- [Given material]
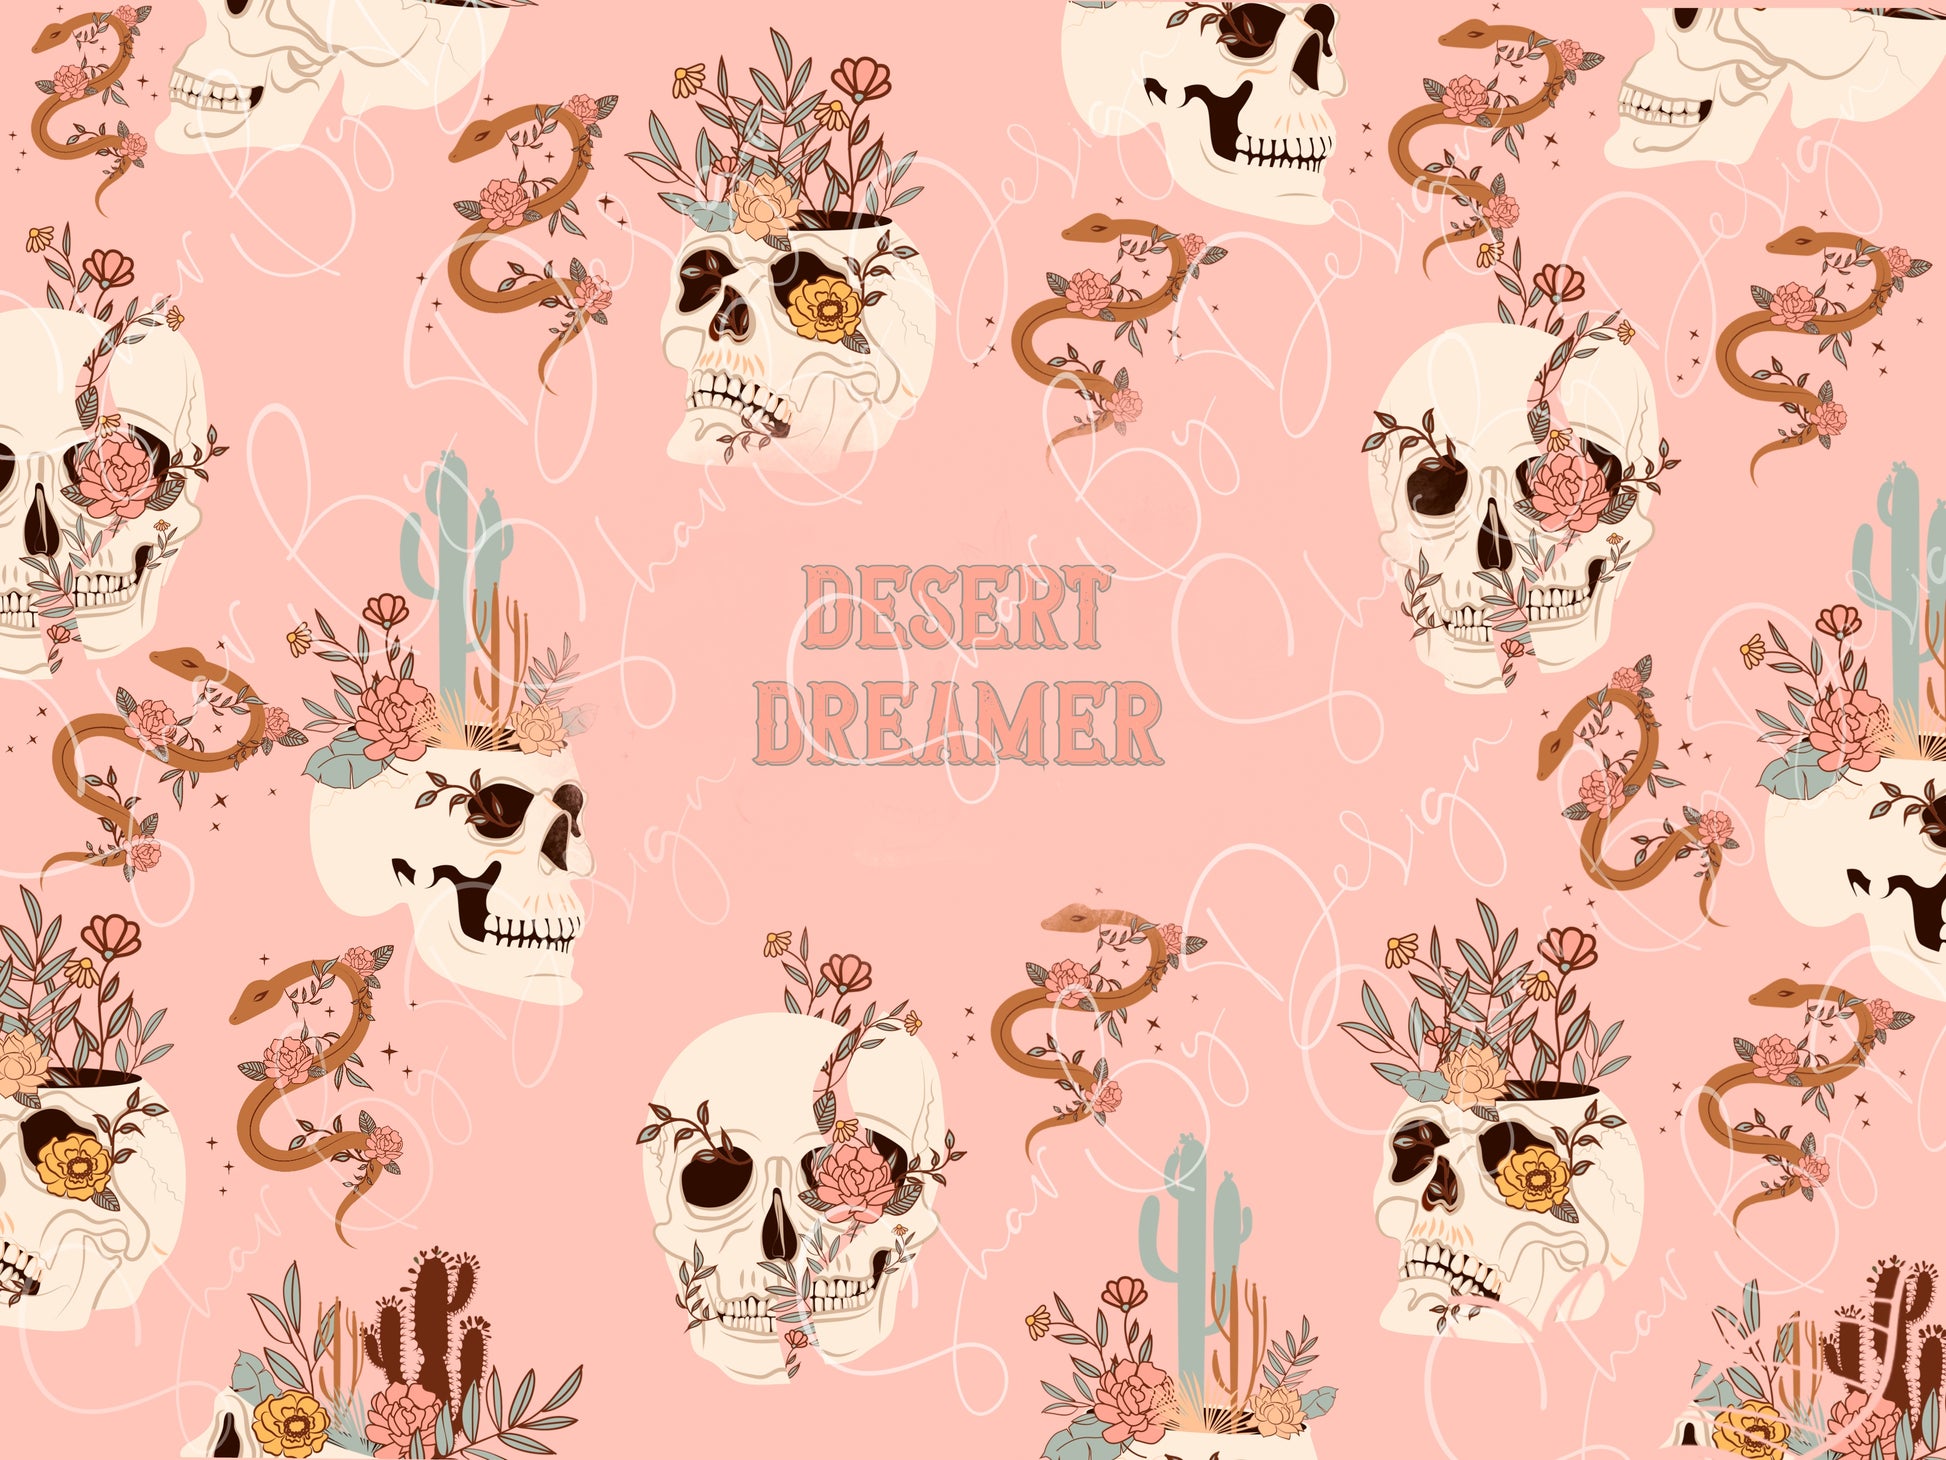 floral skull tumblr background
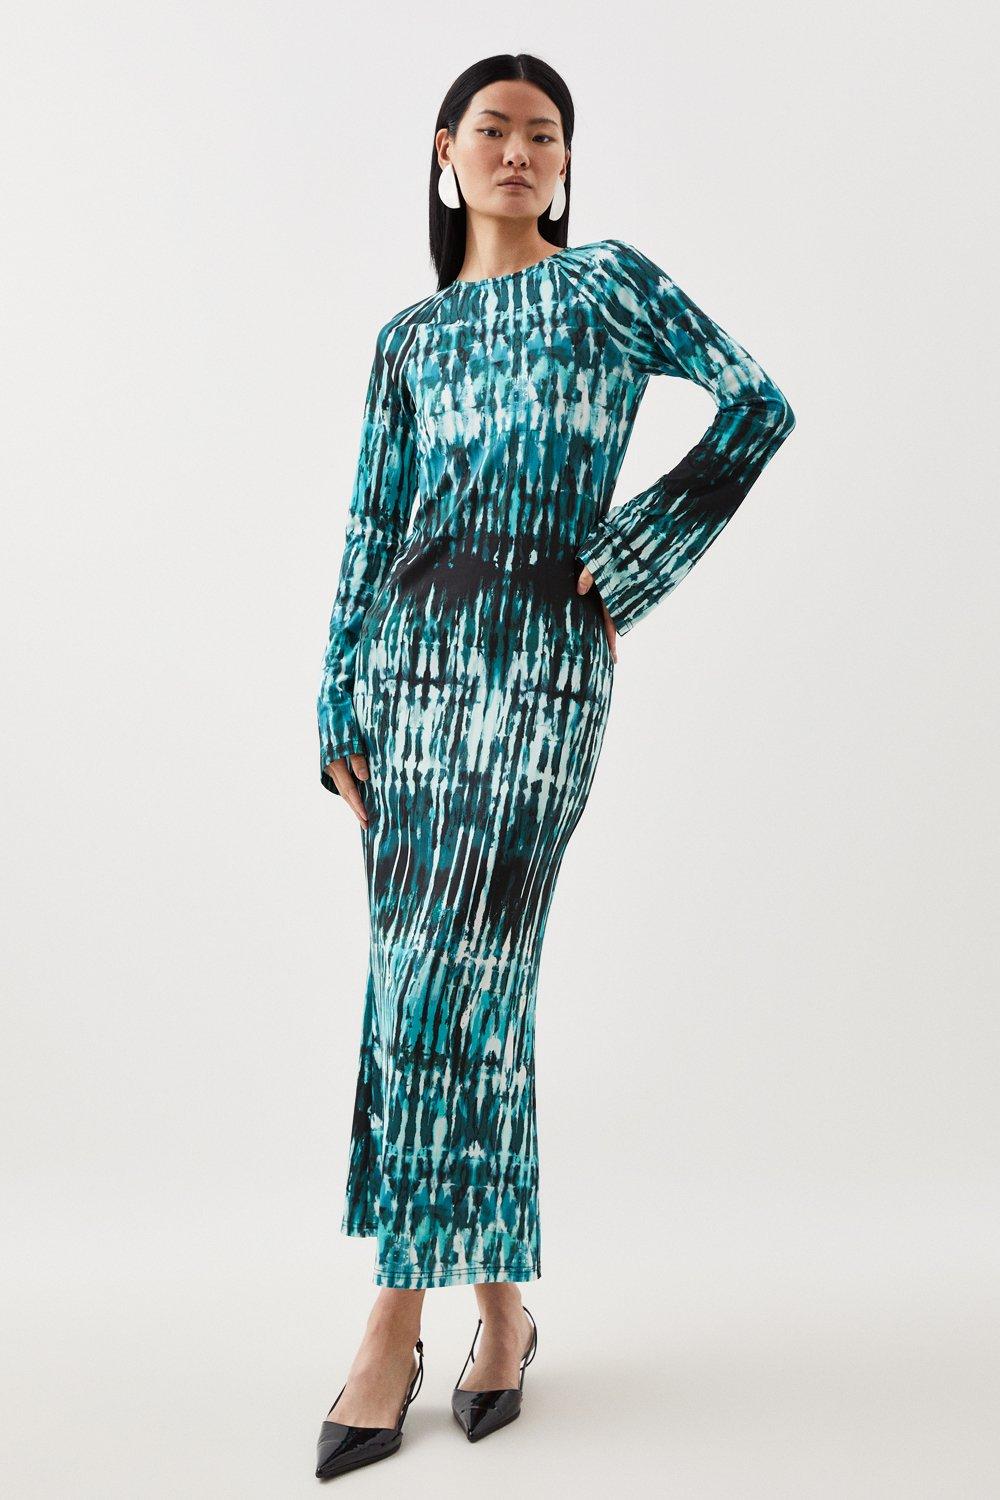 Abstract Print Jersey Maxi Dress
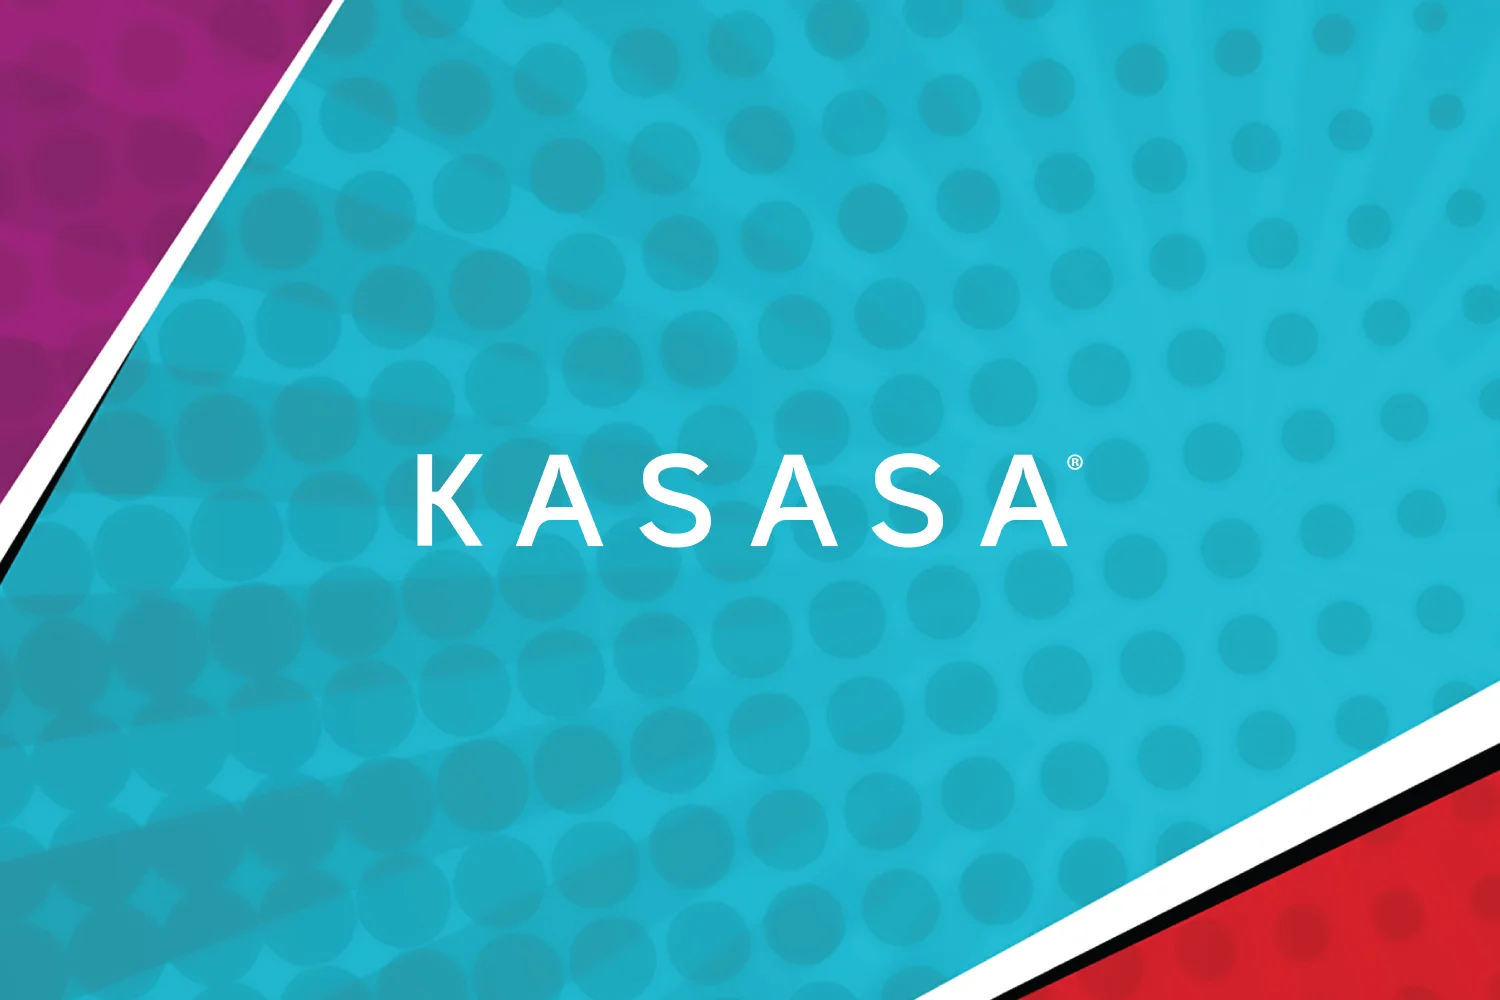 Kasasa logo in white over Kasasa web themed background
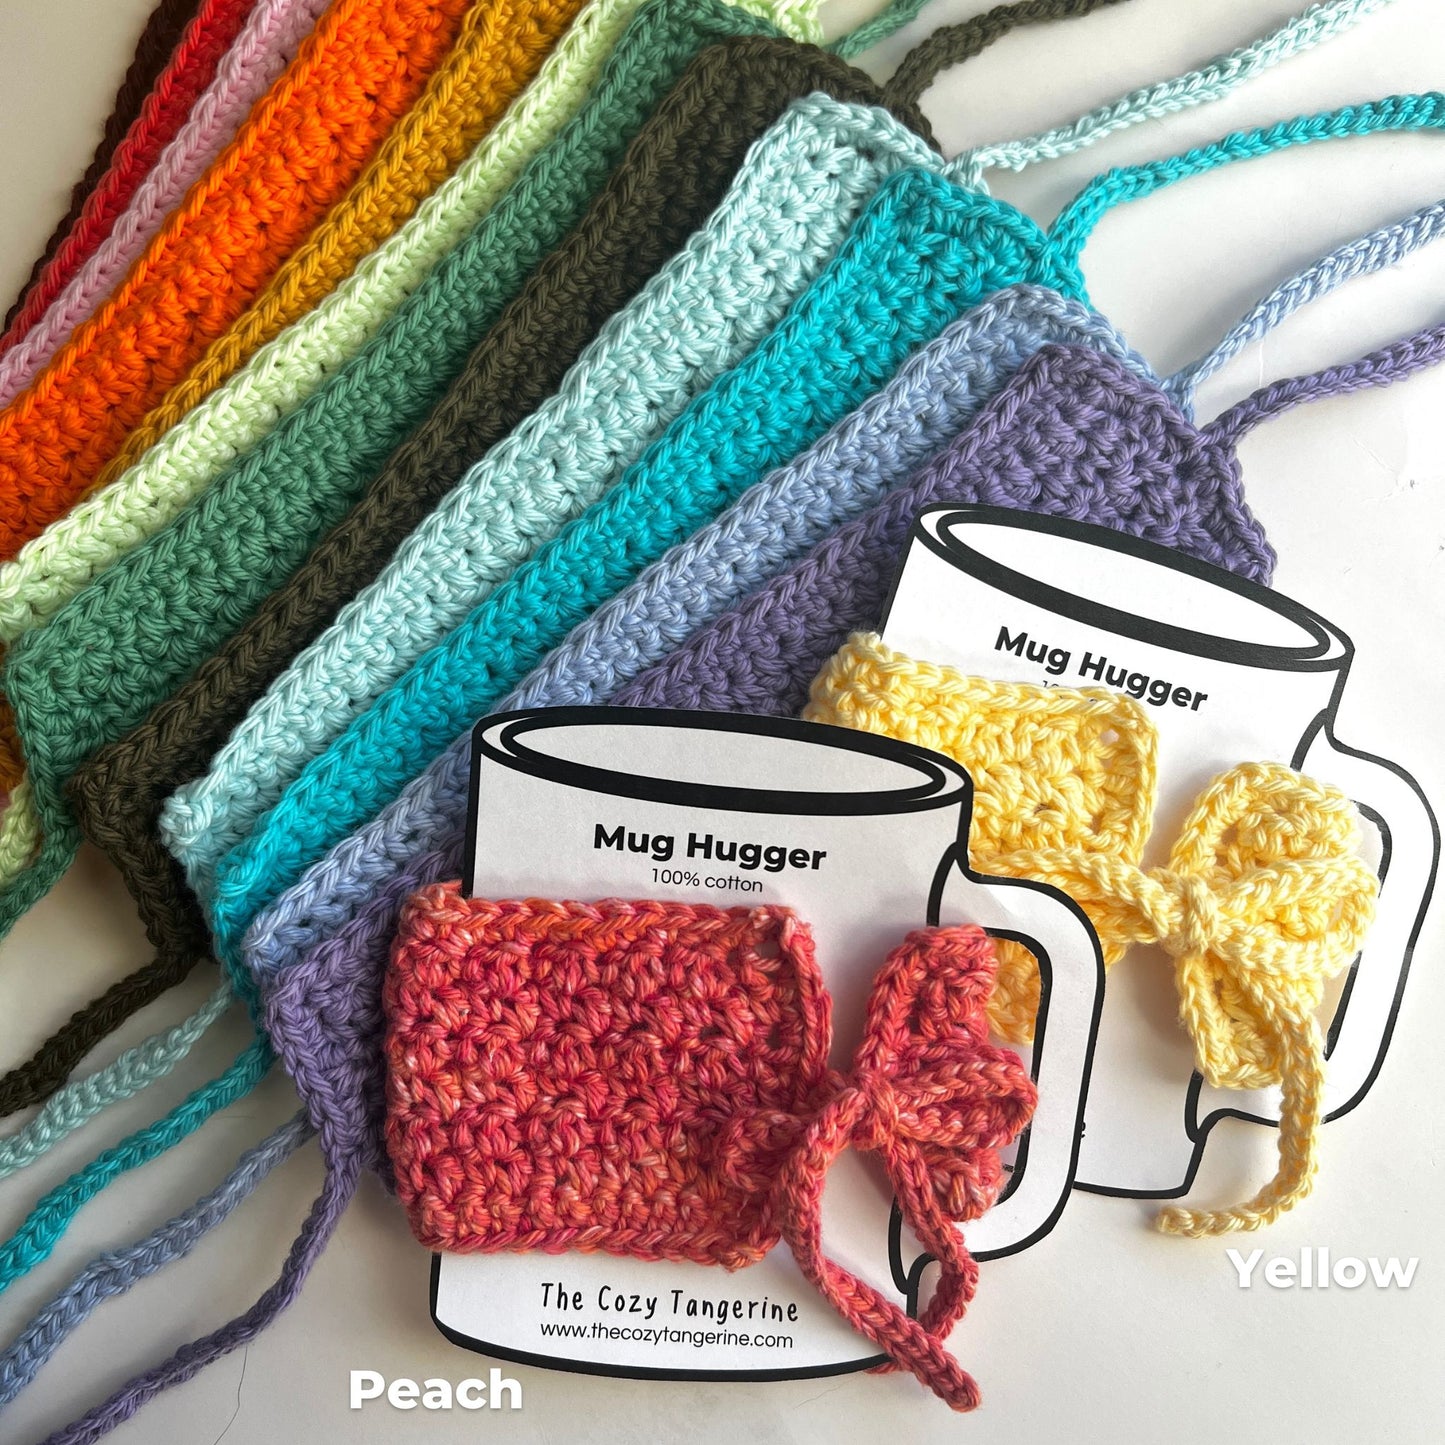 mug hugger koozie colors. gifts for coffee lovers

- [What the task asks]
Go to the line containing "Abstract Print Jersey Maxi Dress", then write out word for word every line from there to the end of the listing. Keep both end lines and drop the pictures.

- [Written response]
 Abstract Print Jersey Maxi Dress
 Kasasa logo in white over Kasasa web themed background
 mug hugger koozie colors. gifts for coffee lovers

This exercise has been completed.